Right, I meant standard mode. TBH I didn't use the fast mode at all - I just rendered what I wanted into a lookup table and used that instead of including the math lib (mainly sin/cos tables).


----------



## Big Bob (Aug 26, 2013)

> Right, I meant standard mode. TBH I didn't use the fast mode at all - I just rendered what I wanted into a lookup table and used that instead of including the math lib (mainly sin/cos tables).



Fast mode not only speeds up everything based on Log and Exp functions but it also gives an enormous speed boost to all the trig functions.

So then, why not just use the library in Fast mode instead of building custom tables and writing the routines to access those tables? 

*Maybe the problem is that the Math Library's Fast Math mode has been the best kept secret in the scripter's arsenal* :wink: Either that or I guess everyone just likes to re-invent the wheel :lol: 

Rejoice,

Bob


----------



## mk282 (Aug 26, 2013)

I dislike using external NKA files for that fast mode... So I just inline the array in the script.

Nothing personal.

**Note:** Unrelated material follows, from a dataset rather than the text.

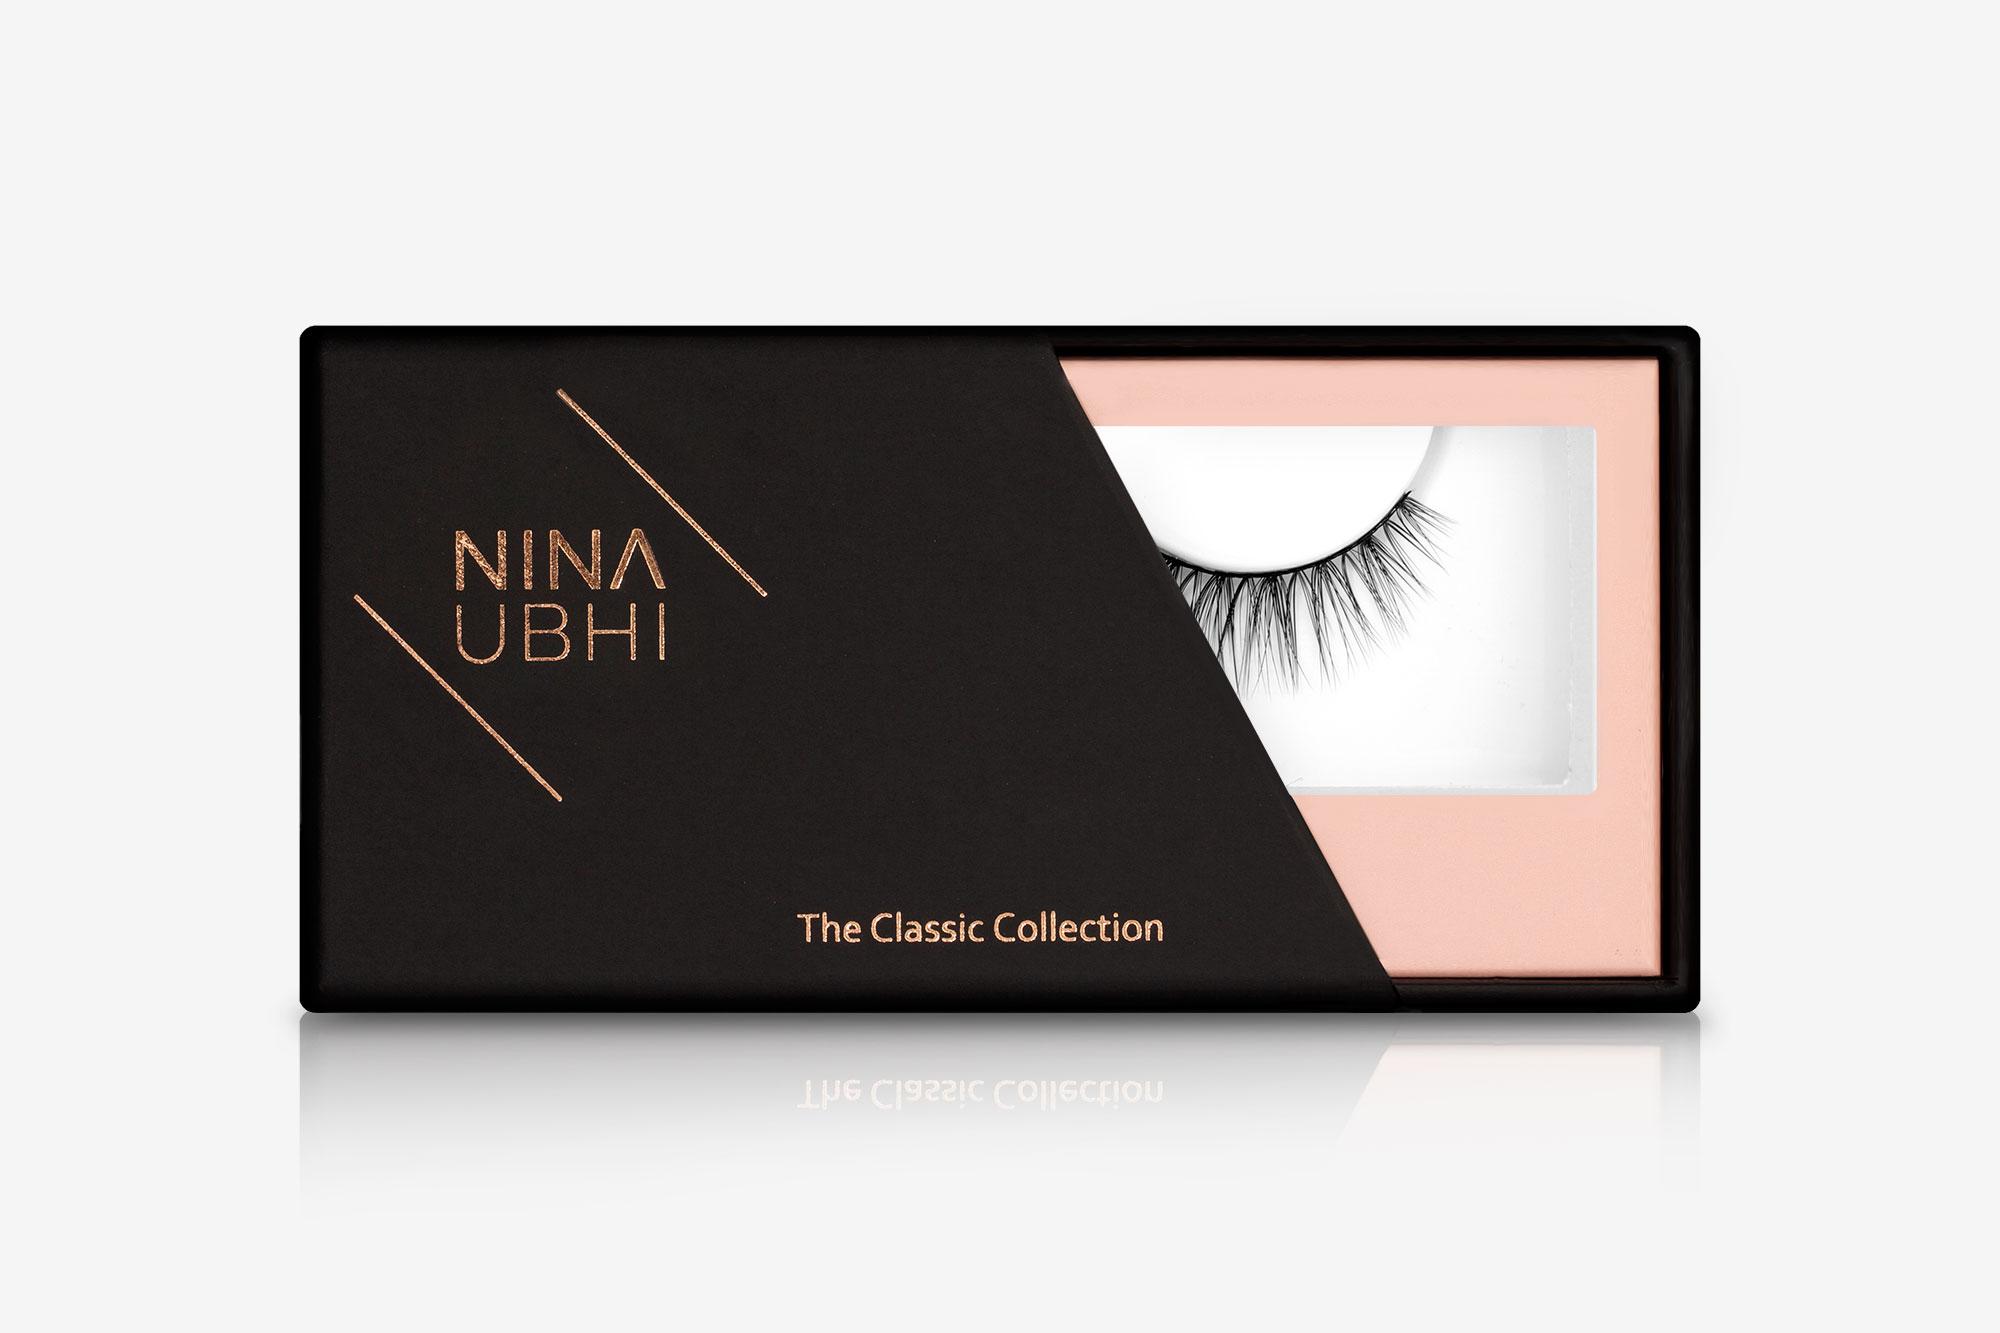 Poppy False Eyelashes, false eyelashes in a Nina Ubhi branded box
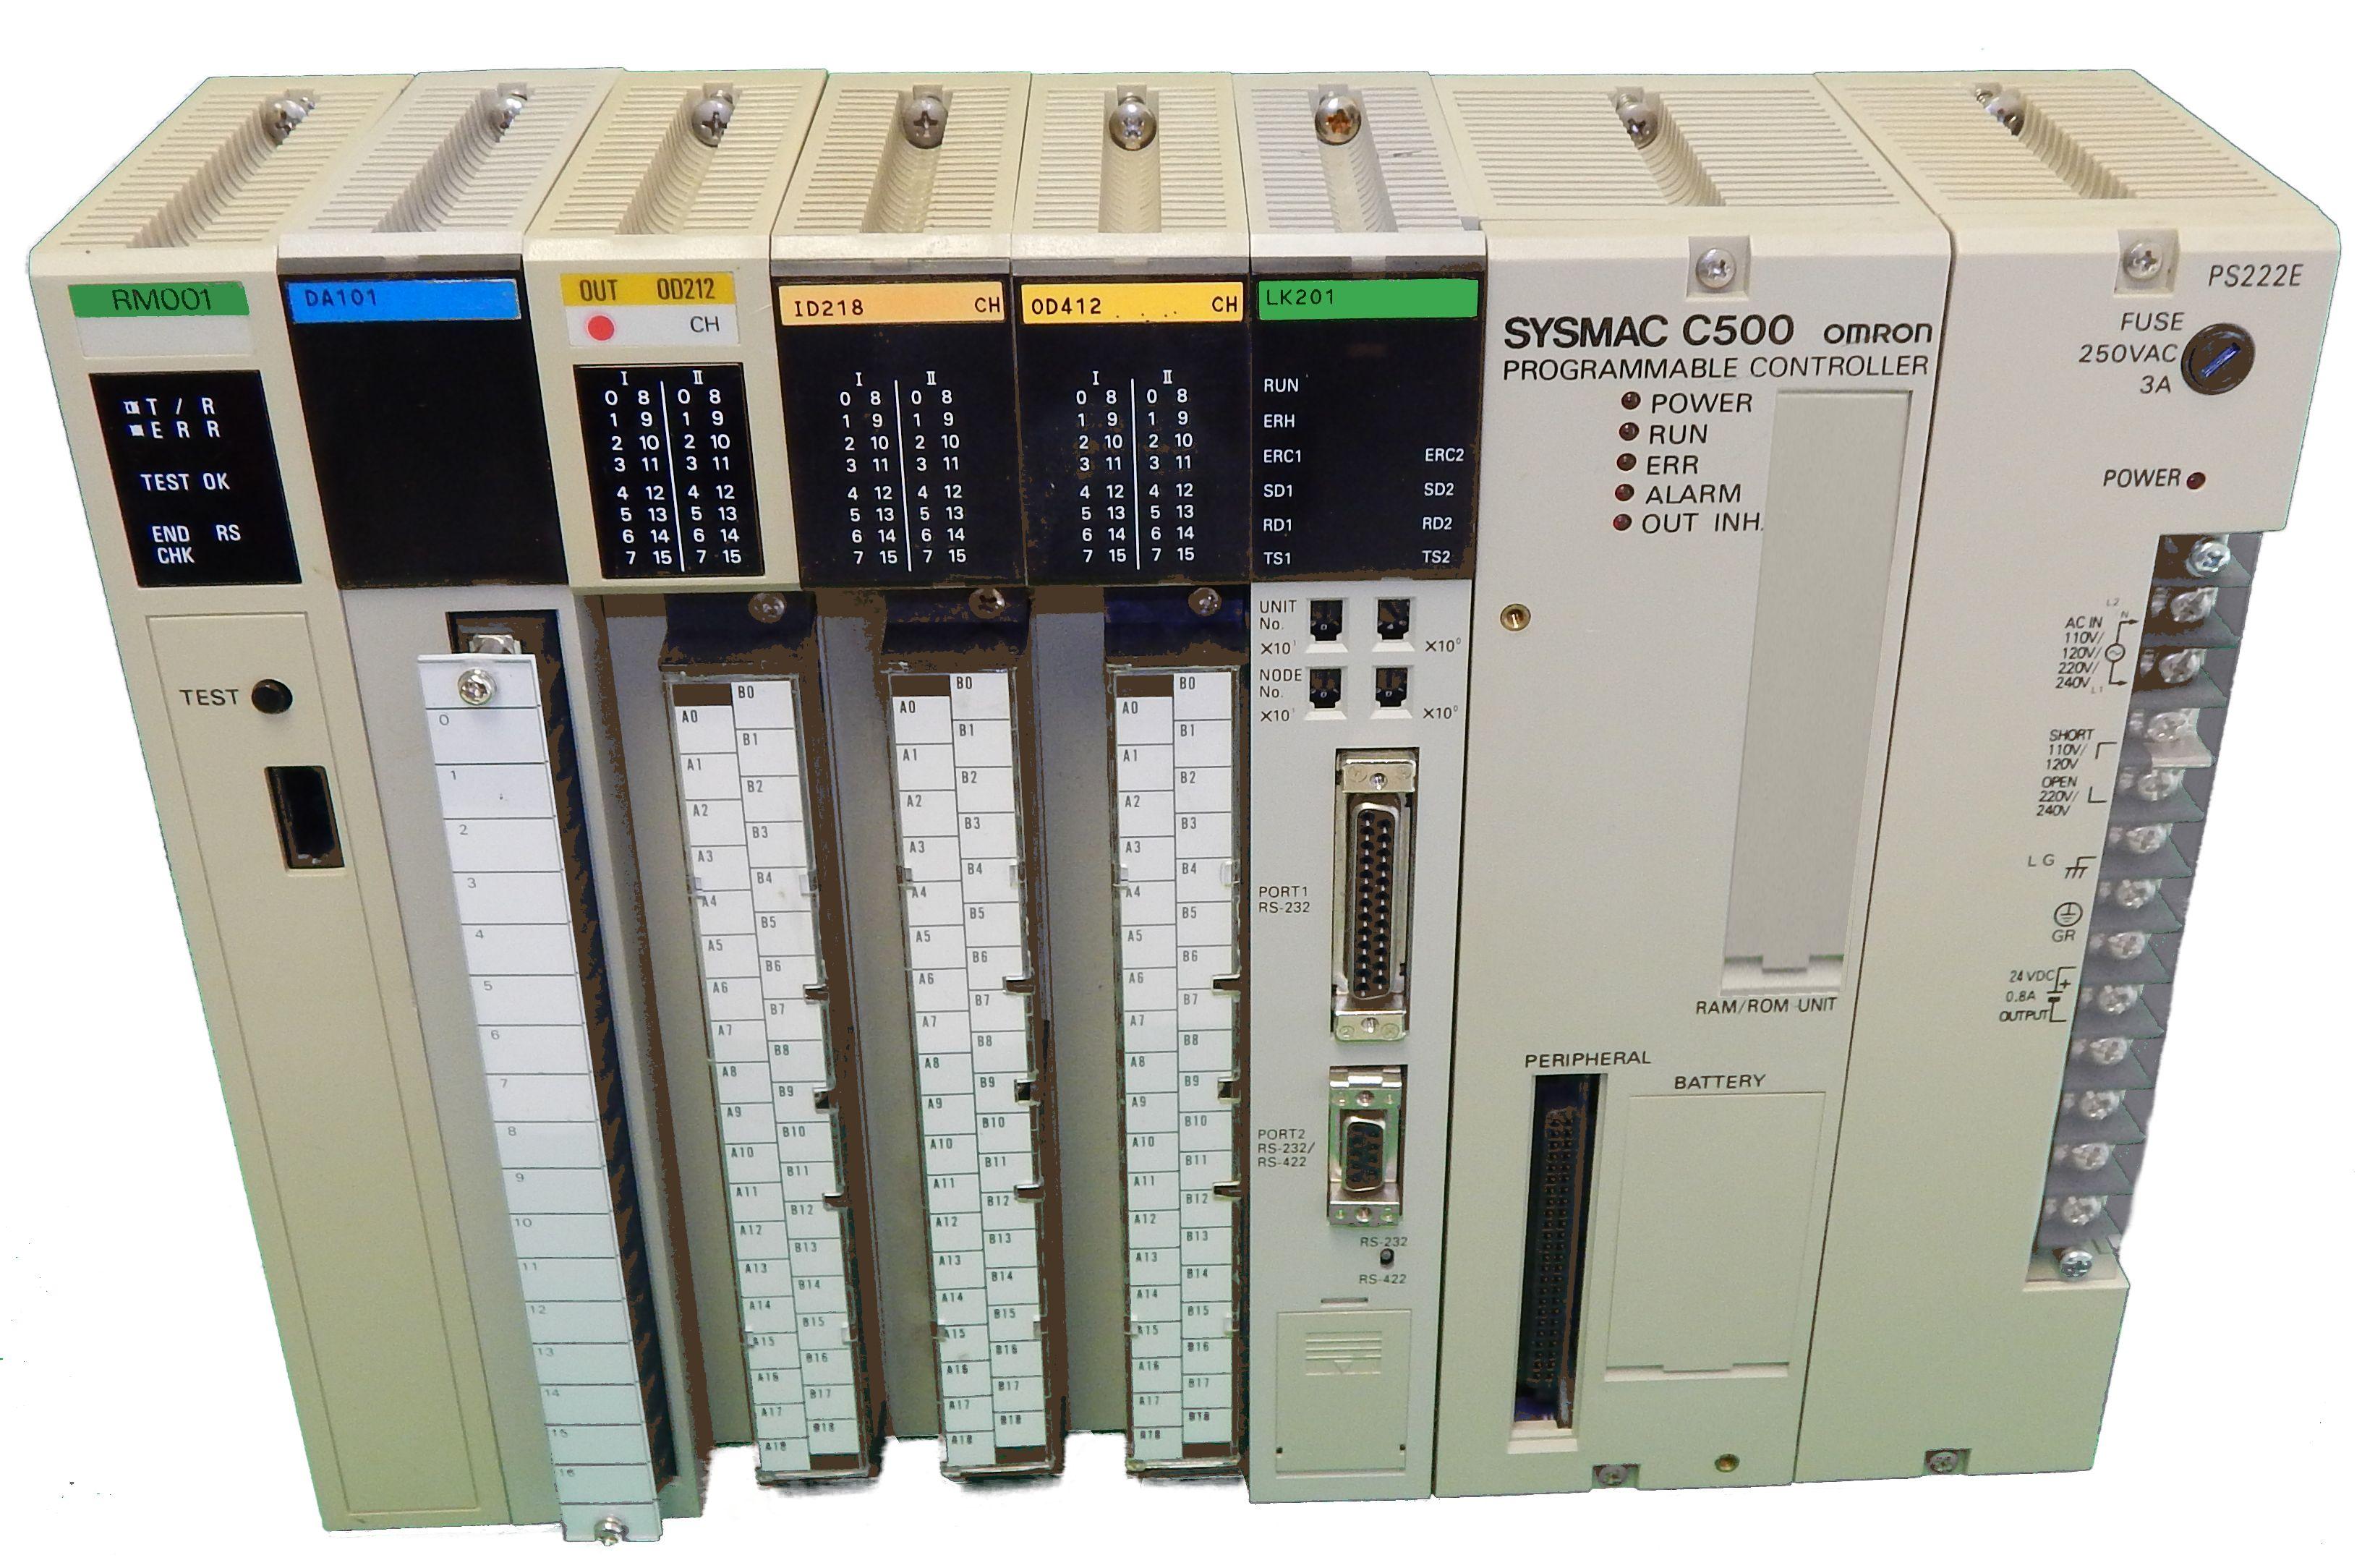 3G2A9-AL006-PE

Just business. :D


----------



## Big Bob (Aug 26, 2013)

Picky picky :roll: 

But then different strokes for different folks. :lol:

EDIT: Hmm. I suppose there might be situations where the requirement to provide the .nka files (and link the instrument to them) could be objectionable. So let me ponder this a bit because I might be able to provide a simple option to put the tables in the local data space of the script when that seems more appropriate.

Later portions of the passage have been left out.